Pedersen A G, Baldi P, Chauvin Y, Brunak S
Department of Biotechnology, Technical University of Denmark, Lyngby, Denmark.
Comput Chem. 1999 Jun 15;23(3-4):191-207. doi: 10.1016/s0097-8485(99)00015-7.
Computational prediction of eukaryotic promoters from the nucleotide sequence is one of the most attractive problems in sequence analysis today, but it is also a very difficult one. Thus, current methods predict in the order of one promoter per kilobase in human DNA, while the average distance between functional promoters has been estimated to be in the range of 30-40 kilobases. Although it is conceivable that some of these predicted promoters correspond to cryptic initiation sites that are used in vivo, it is likely that most are false positives. This suggests that it is important to carefully reconsider the biological data that forms the basis of current algorithms, and we here present a review of data that may be useful in this regard. The review covers the following topics: (1) basal transcription and core promoters, (2) activated transcription and transcription factor binding sites, (3) CpG islands and DNA methylation, (4) chromosomal structure and nucleosome modification, and (5) chromosomal domains and domain boundaries. We discuss the possible lessons that may be learned, especially with respect to the wealth of information about epigenetic regulation of transcription that has been appearing in recent years.
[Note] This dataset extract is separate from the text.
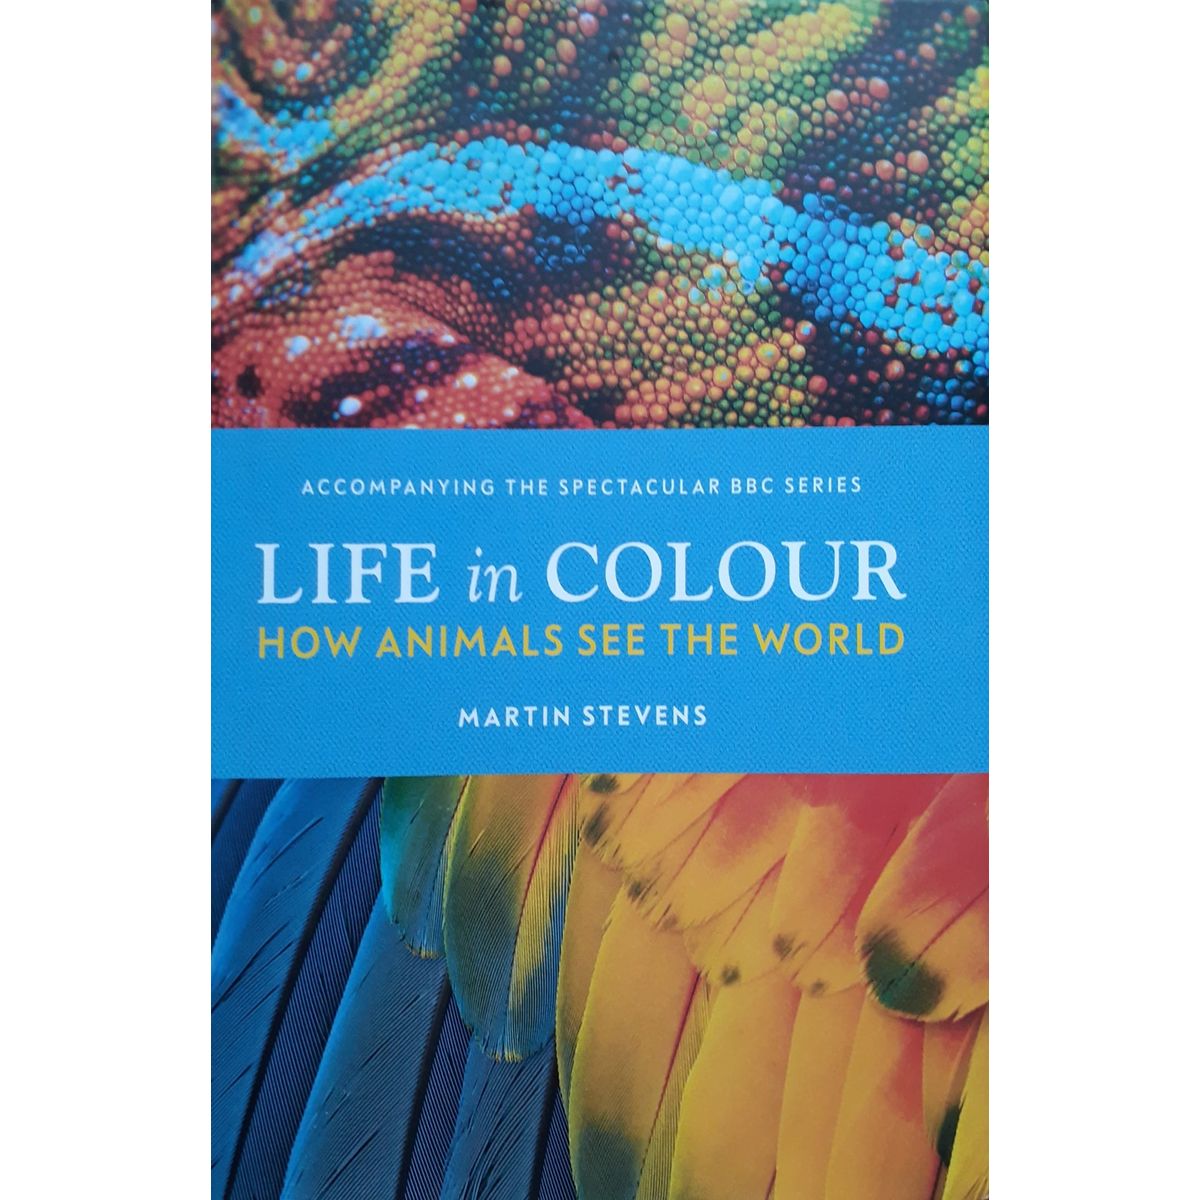 ISBN: 9781785946370 / 1785946374 - Life in Colour by Martin Stevens [2021]

从核苷酸序列对真核生物启动子进行计算预测是当今序列分析中最具吸引力的问题之一,但也是一个非常困难的问题。因此,目前的方法预测人类DNA中每千碱基约有一个启动子,而功能启动子之间的平均距离估计在30 - 40千碱基范围内。虽然可以想象这些预测的启动子中有一些对应于体内使用的隐蔽起始位点,但很可能大多数是假阳性。这表明仔细重新考虑构成当前算法基础的生物学数据很重要,我们在此对这方面可能有用的数据进行综述。综述涵盖以下主题:(1)基础转录和核心启动子,(2)激活转录和转录因子结合位点,(3)CpG岛和DNA甲基化,(4)染色体结构和核小体修饰,以及(5)染色体结构域和结构域边界。我们讨论了可能学到的经验教训,特别是关于近年来出现的大量转录表观遗传调控信息。